_Exercise directions_
Your reply should hold every entry below exactly as written and none of the pictures.

_Material for this task_
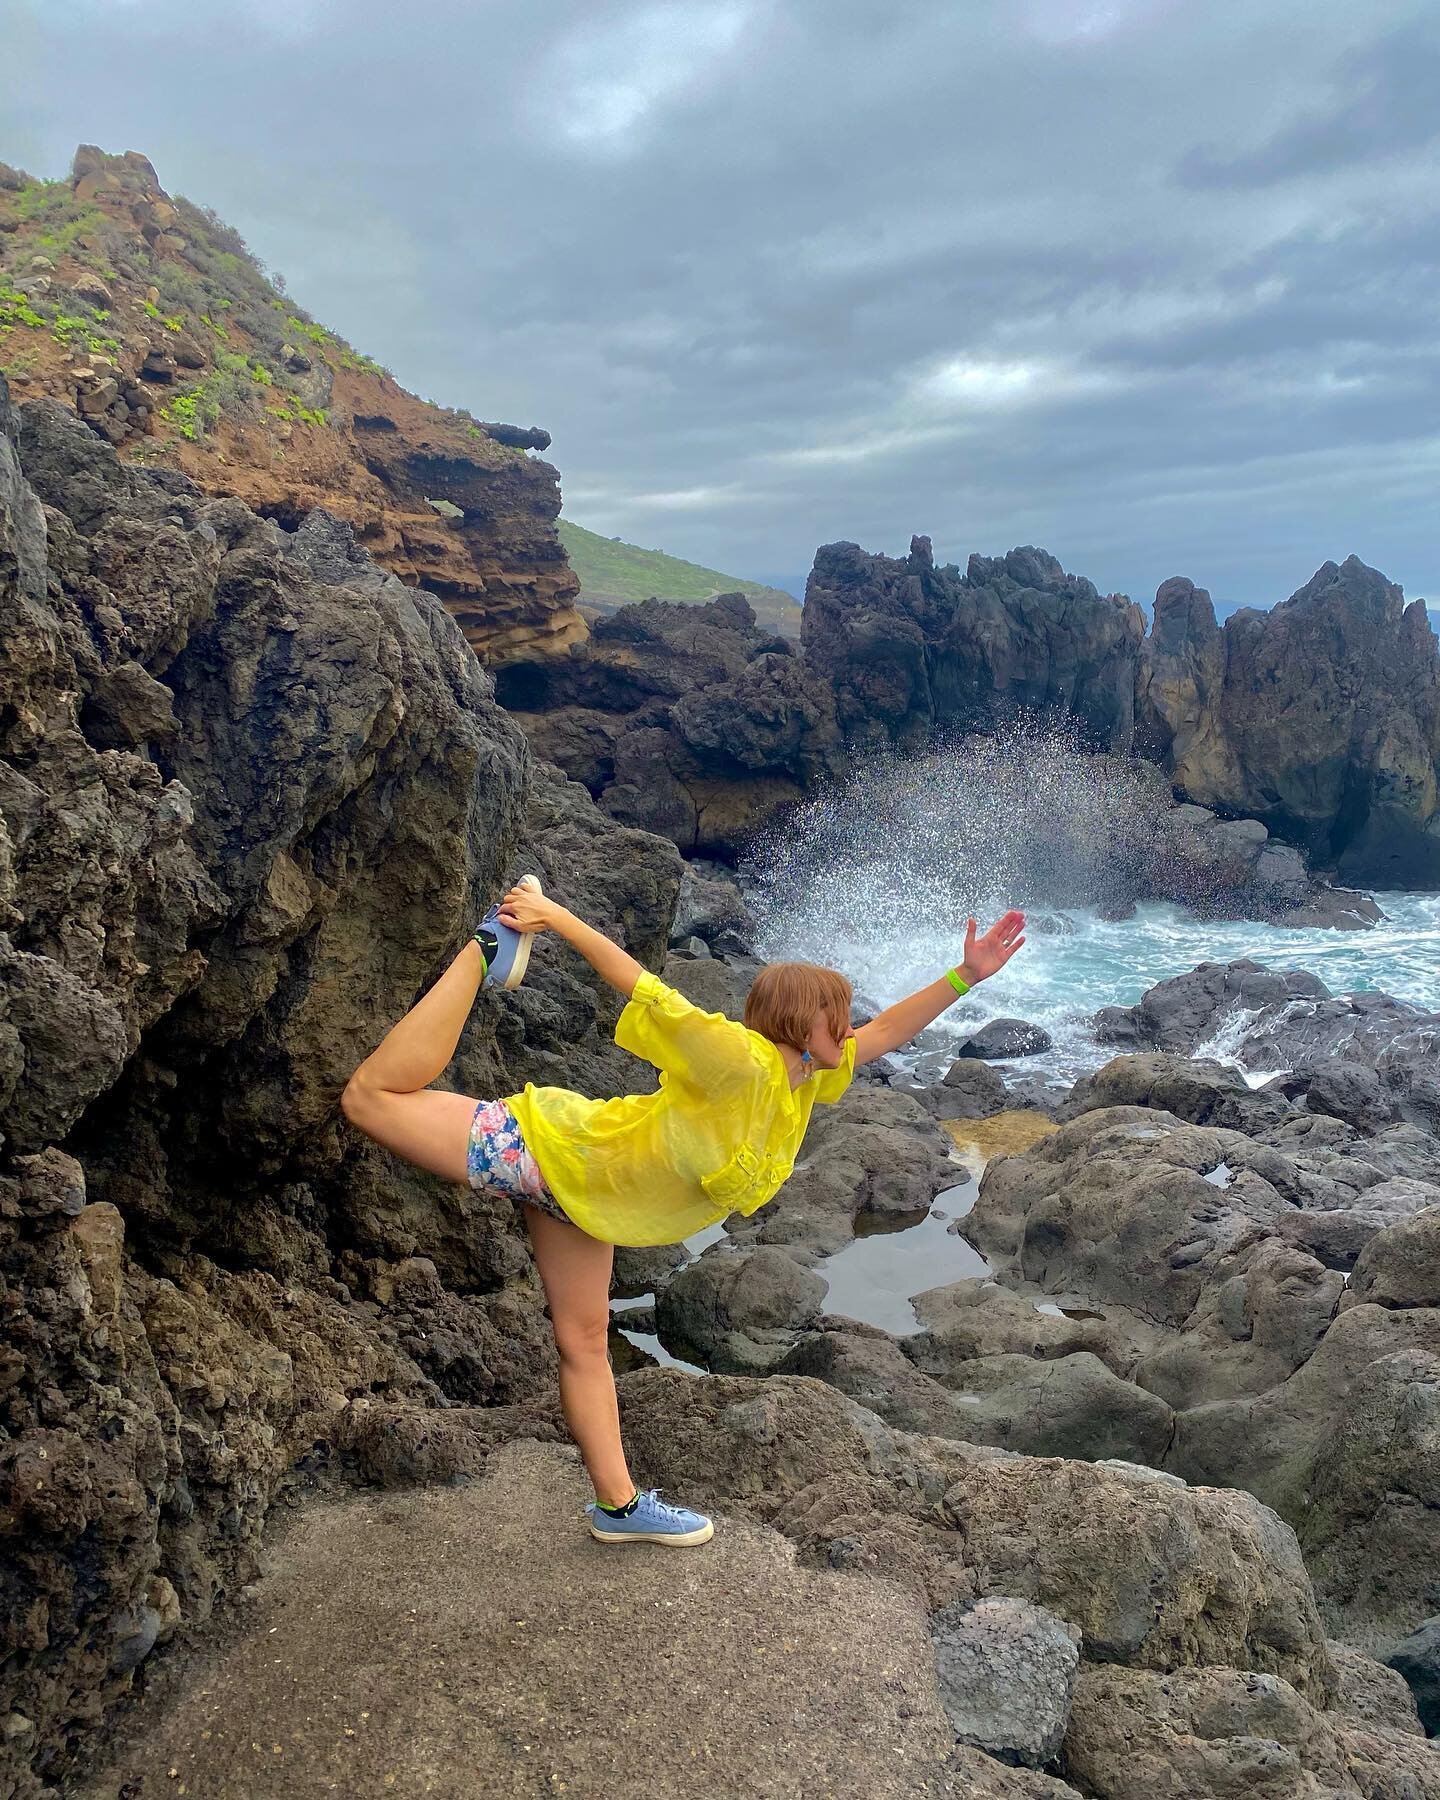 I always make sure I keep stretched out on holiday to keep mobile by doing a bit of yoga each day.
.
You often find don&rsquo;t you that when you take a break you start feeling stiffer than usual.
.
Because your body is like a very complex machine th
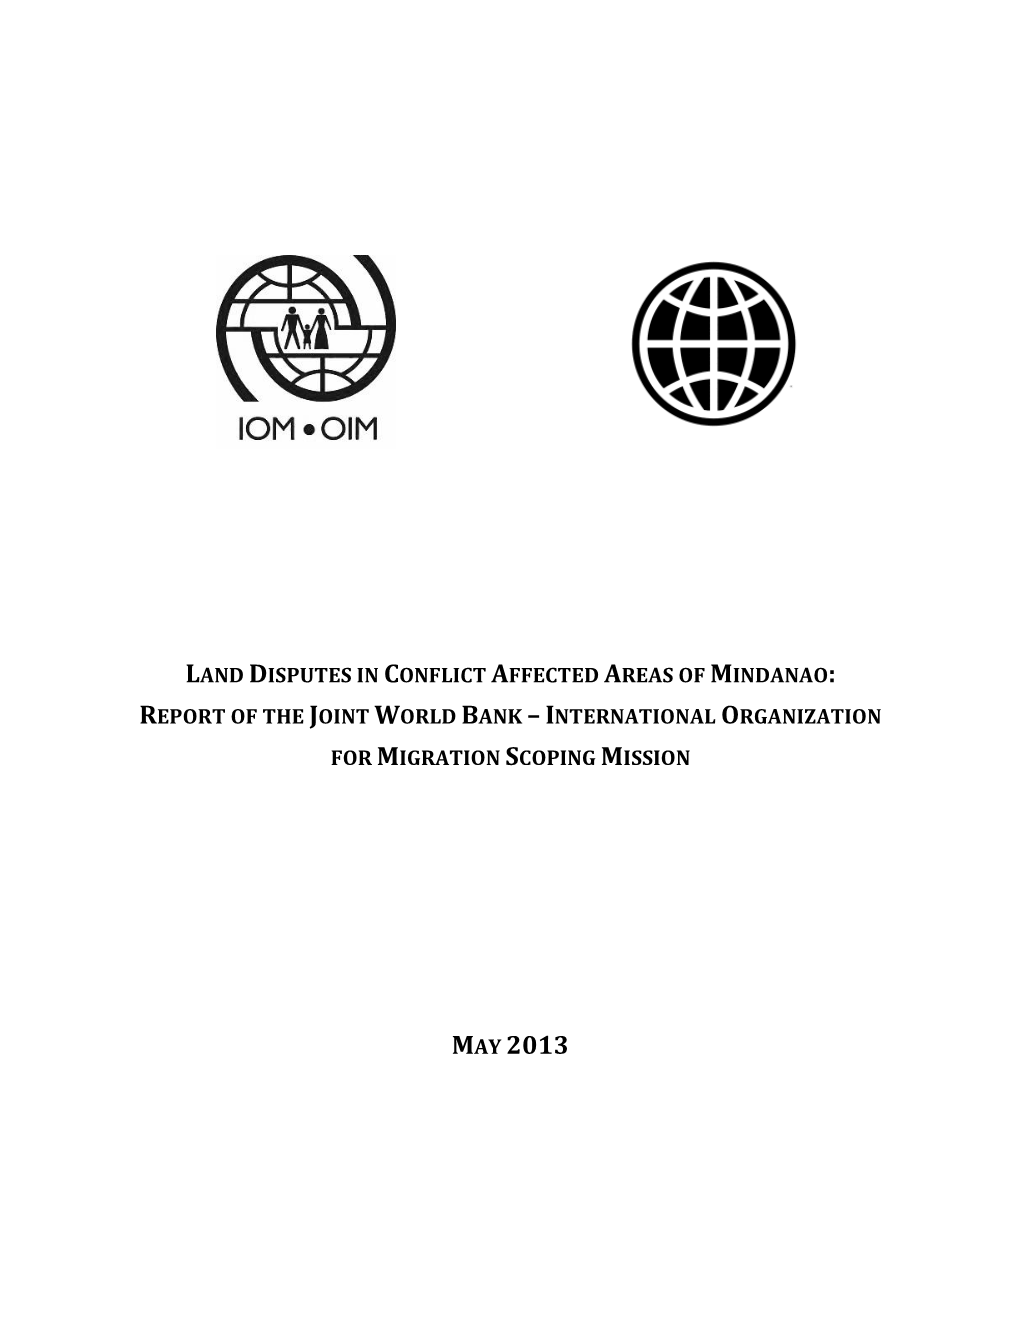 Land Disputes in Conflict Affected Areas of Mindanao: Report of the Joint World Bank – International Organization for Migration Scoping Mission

_Response for this exercise_
 I always make sure I keep stretched out on holiday to keep mobile by doing a bit of yoga each day.
.
You often find don&rsquo;t you that when you take a break you start feeling stiffer than usual.
.
Because your body is like a very complex machine th
 Land Disputes in Conflict Affected Areas of Mindanao: Report of the Joint World Bank – International Organization for Migration Scoping Mission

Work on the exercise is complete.